“Lies, damn lies and statistics”
As Mark Twain is famous for saying, statistics can be twisted to prove any point.
For many managers, BI applications are a critical decision making tool. The statistics, trends and analytics presented are used to determine future actions and to track historic performance.
There are two significant ways in which poor quality data can make this kind of decision making a lottery.
Most visibly, a manager may be faced with two sets of reports, about the same business area but from different systems. These may provide contradictory analysis – one suggests investing more in a region, the other suggests pulling out. Which does she believe? She has to make a strategic decision that could cost the business millions and cost her her job!

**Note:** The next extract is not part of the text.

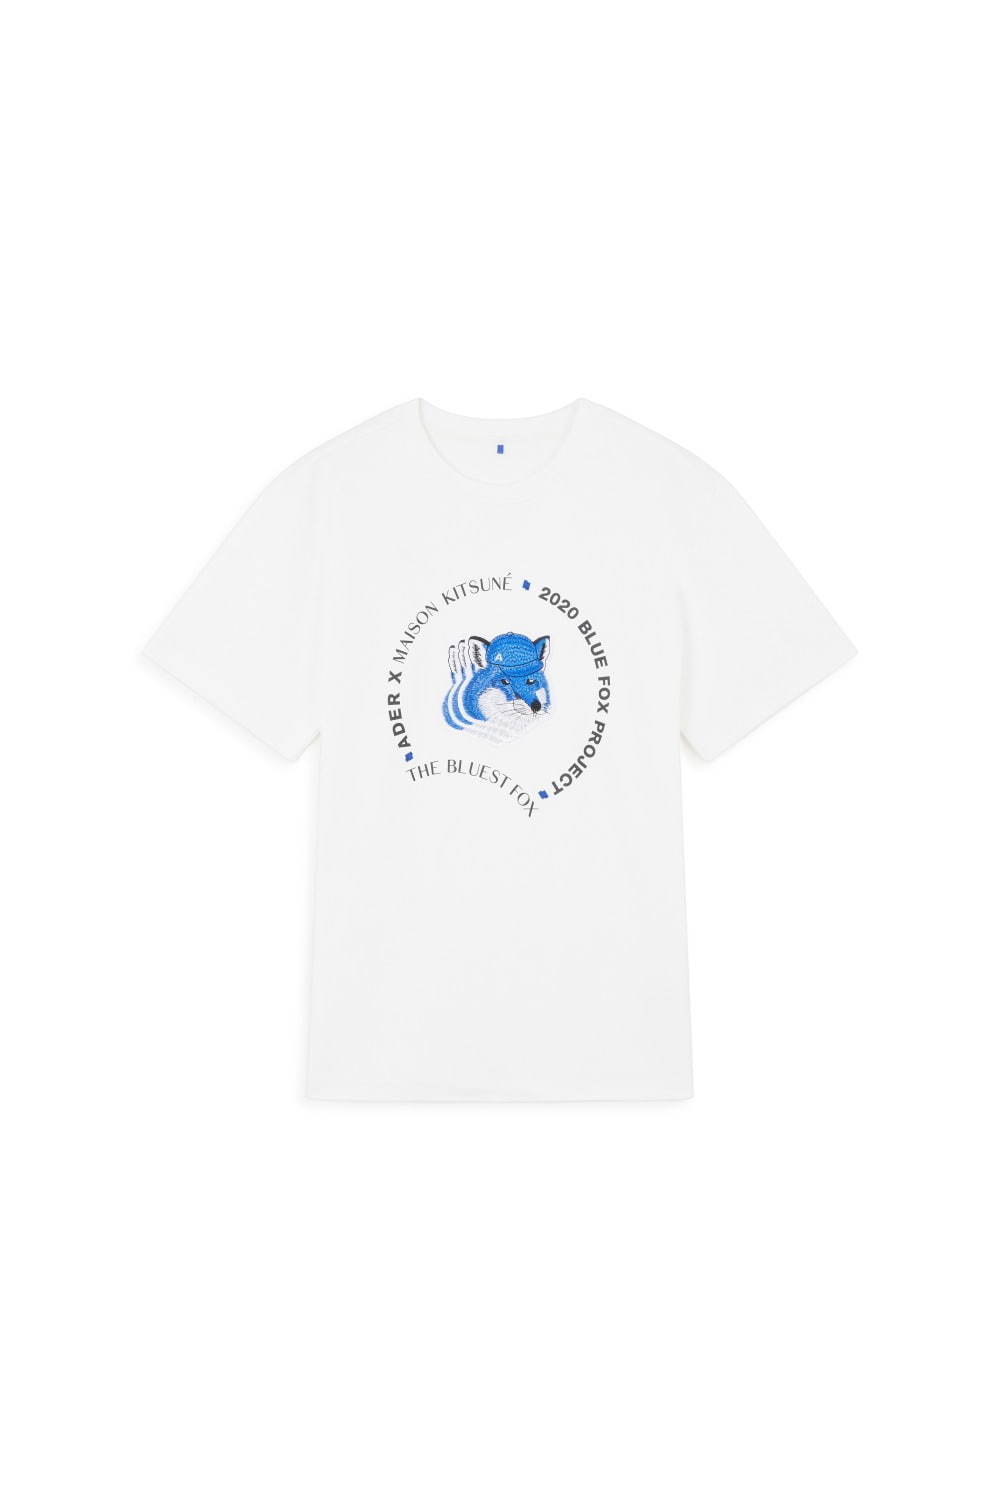 国内新品 メゾンキツネ × アーダーエラー BLUE FOX Tシャツ 2020

Possibly of more concern, the reports may show a clear leaning to a particular position – but this may be based on incomplete or inaccurate underlying data. One of my clients showed a report indicating a 87% compliance to a key supply chain metric. On investigation we found that the underlying data was only populated for 17% of the records – in fact they had no idea whether or not they were compliant. Are they making good decisions?
Many organisations are turning to data profiling applications to test whether the underlying data supports the reported findings. An increased understanding of data quality issues means two things:
1.) You can make better informed decisions using your confidence in the underlying data to weight reported metrics.
2.) Steps can be taken to address data quality problems that are critically affecting your business.
Improving your key decision making must be a good idea!